The Health Benefits of Dark Chocolate

5 reasons why eating dark chocolate is healthy

For years there have been myths surrounding the health benefits of chocolate. But not all chocolate is created equally, and lovers of milk or white varieties are out of luck. It is in the bitter and unsweetened dark chocolate that most of the health benefits lie.
Here are 5 reasons dark chocolate is good for us in small quantities:
Antioxidants
The cacao bean has one of the highest concentrations of antioxidants and beneficial nutrients in the world. It has a huge number of biologically active compounds with antioxidant activity. It’s filled with polyphenols, flavanols, and catechins and even theobromine (the compound touted to have antidepressant effects). These antioxidants can help destroy free radicals, a prerequisite to cancer.
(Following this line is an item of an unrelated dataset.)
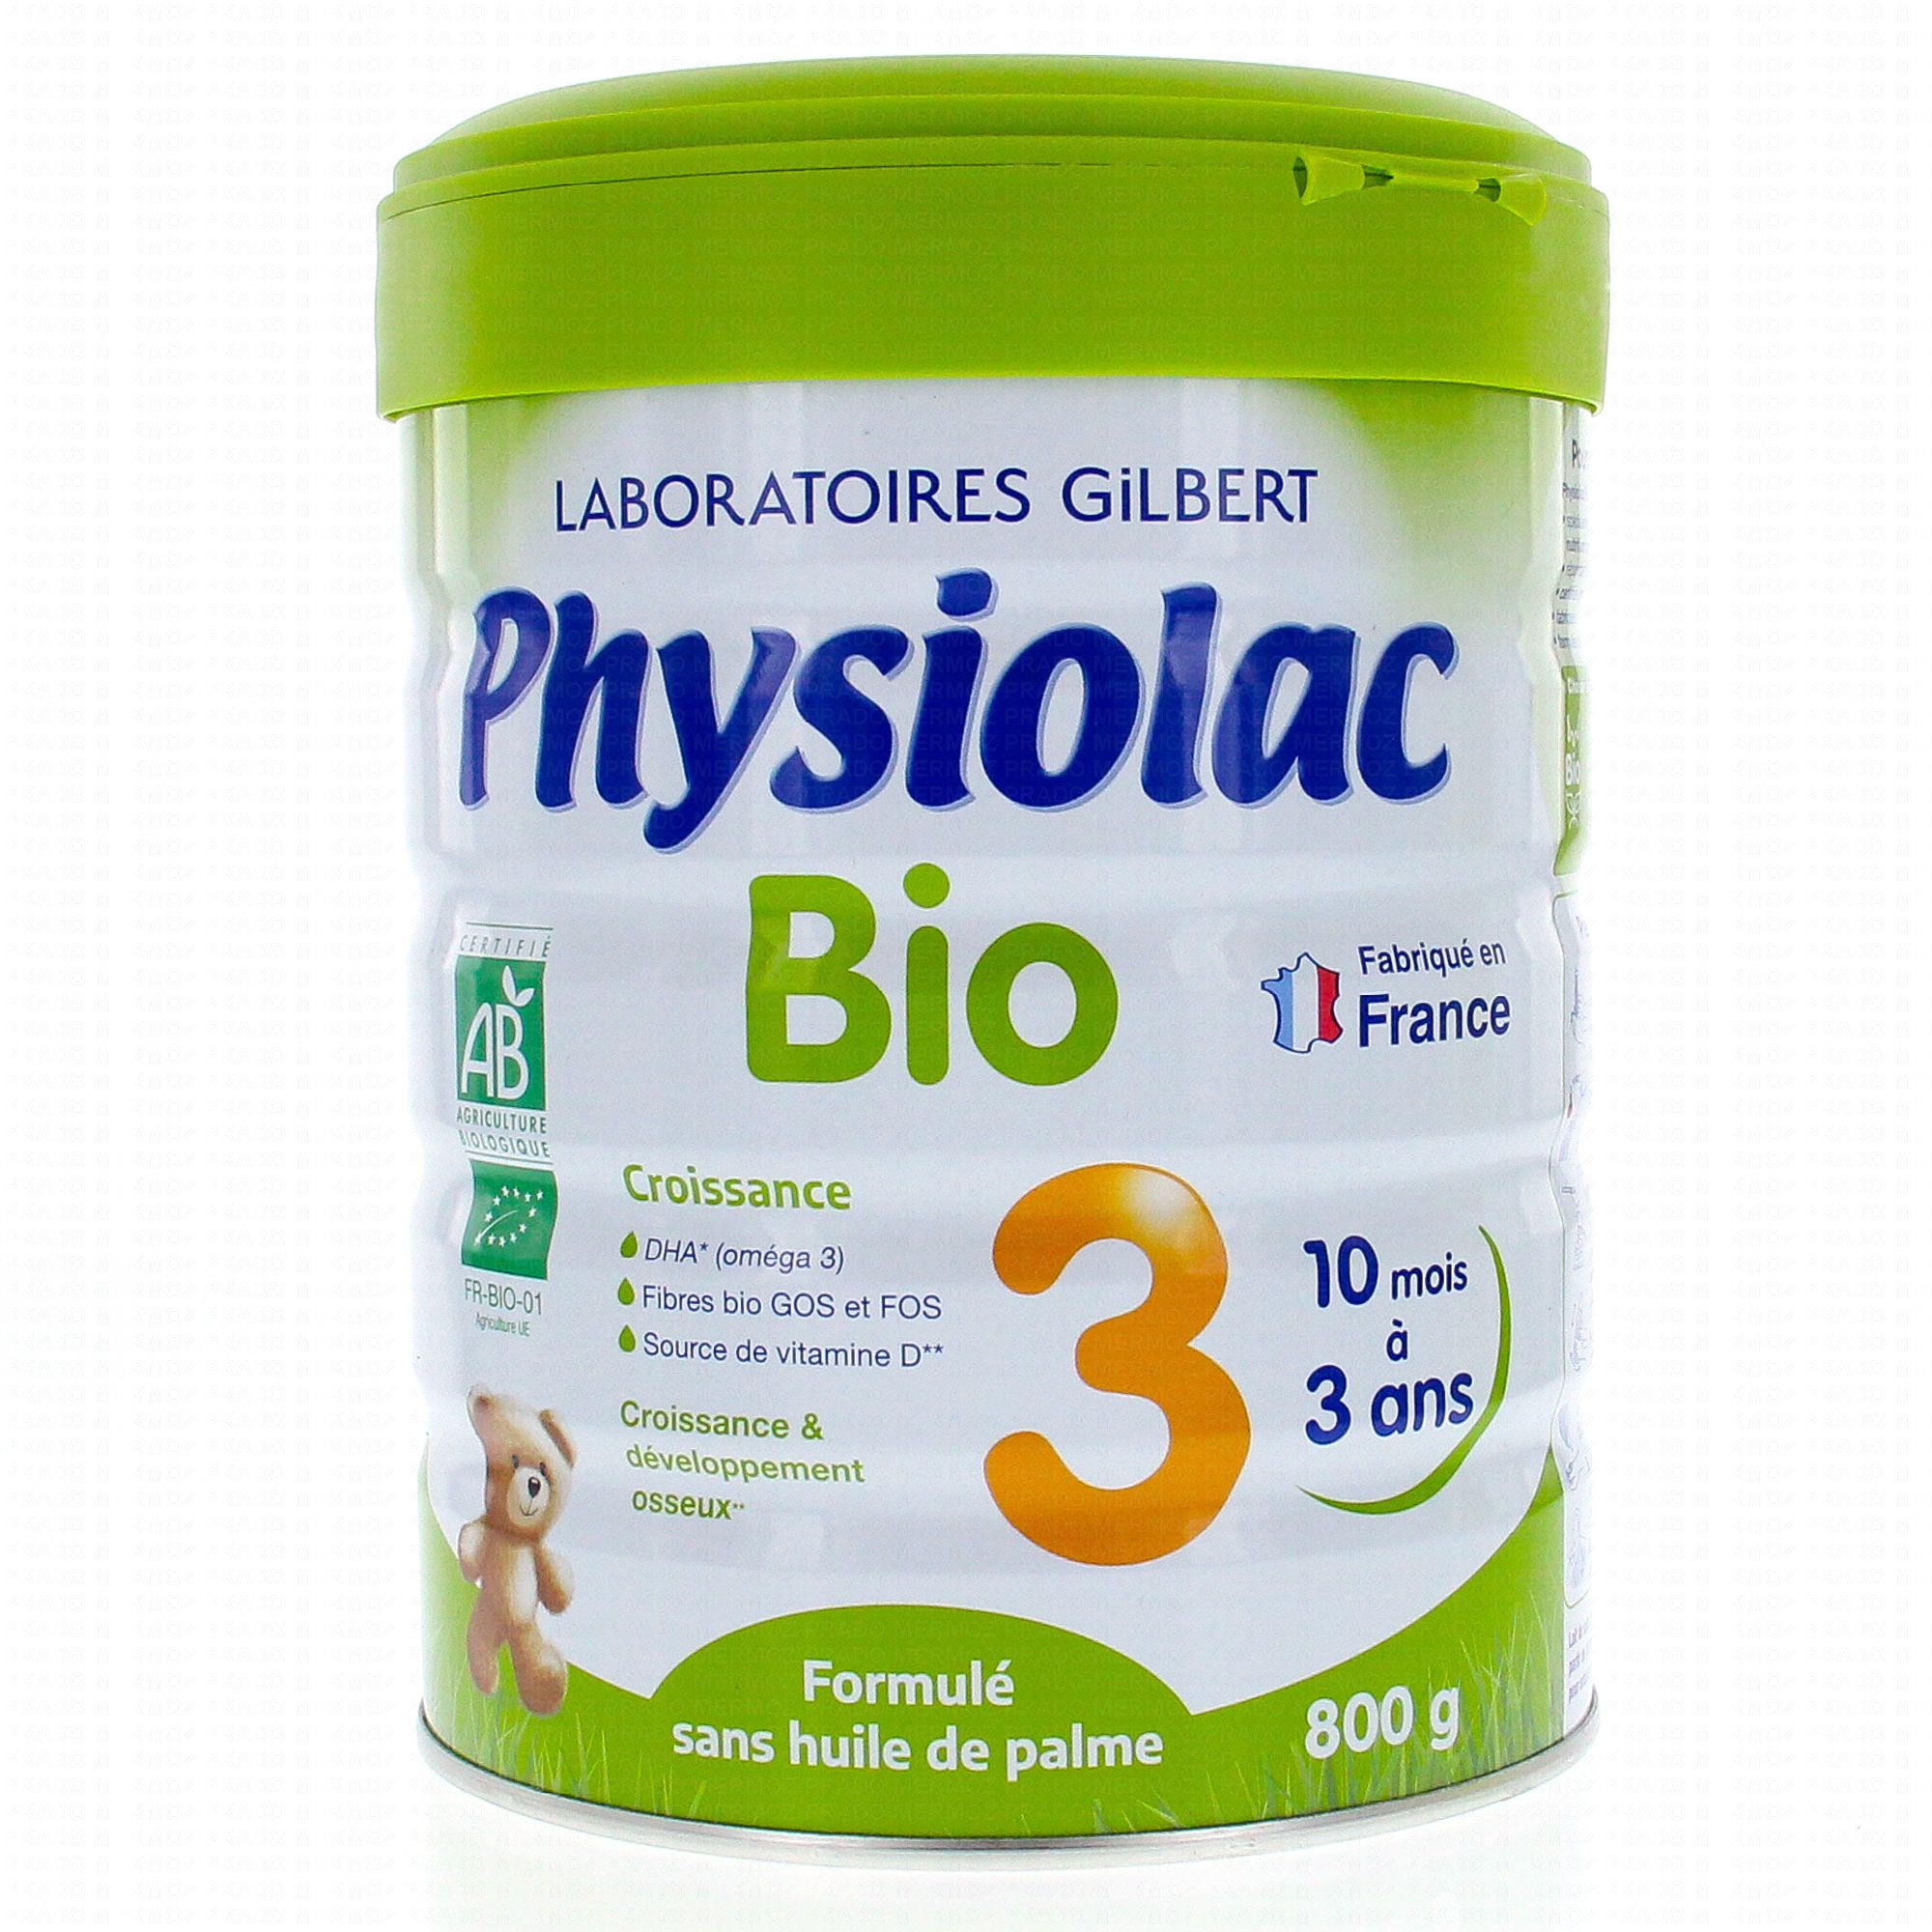 le lait bio 3 physiolac est un lait utilisé pour les bébés de 1 à

Reduce Risks During Pregnancy
Studies have shown that chocolate can help improve foetal growth. It can also help reduce the risk of preeclampsia by lowering the mother’s blood pressure.

Lower Cholesterol and Blood Pressure
Studies have shown that chocolate consumption might help reduce low-density lipoprotein (LDL) cholesterol levels, also known as “bad fats.
The study authors wrote, “results indicate that regular consumption of chocolate bars containing plant sterols (PS) and cocoa flavanols (CF), as part of a low-fat diet, may support cardiovascular health by lowering cholesterol and improving blood pressure.”

Reduce Memory Decline
Scientists at Harvard Medical School suggest that drinking two cups of hot chocolate a day could help keep the brain healthy and reduce memory decline in older people.
The researchers found that hot chocolate helped improve blood flow to parts of the brain where it was needed.

Boosts the Immune Systems
Dark chocolate’s potent antioxidant content—along with some of the other mechanisms of nutrients—make it a treat for your immune system. Cocoa can modulate the inflammatory response of your immune system.
When purchasing dark chocolate, look for ones with a 70% or higher cacao content. If your chocolate says, “processed with alkali” on the nutrition label, then it’s going to have less flavanols.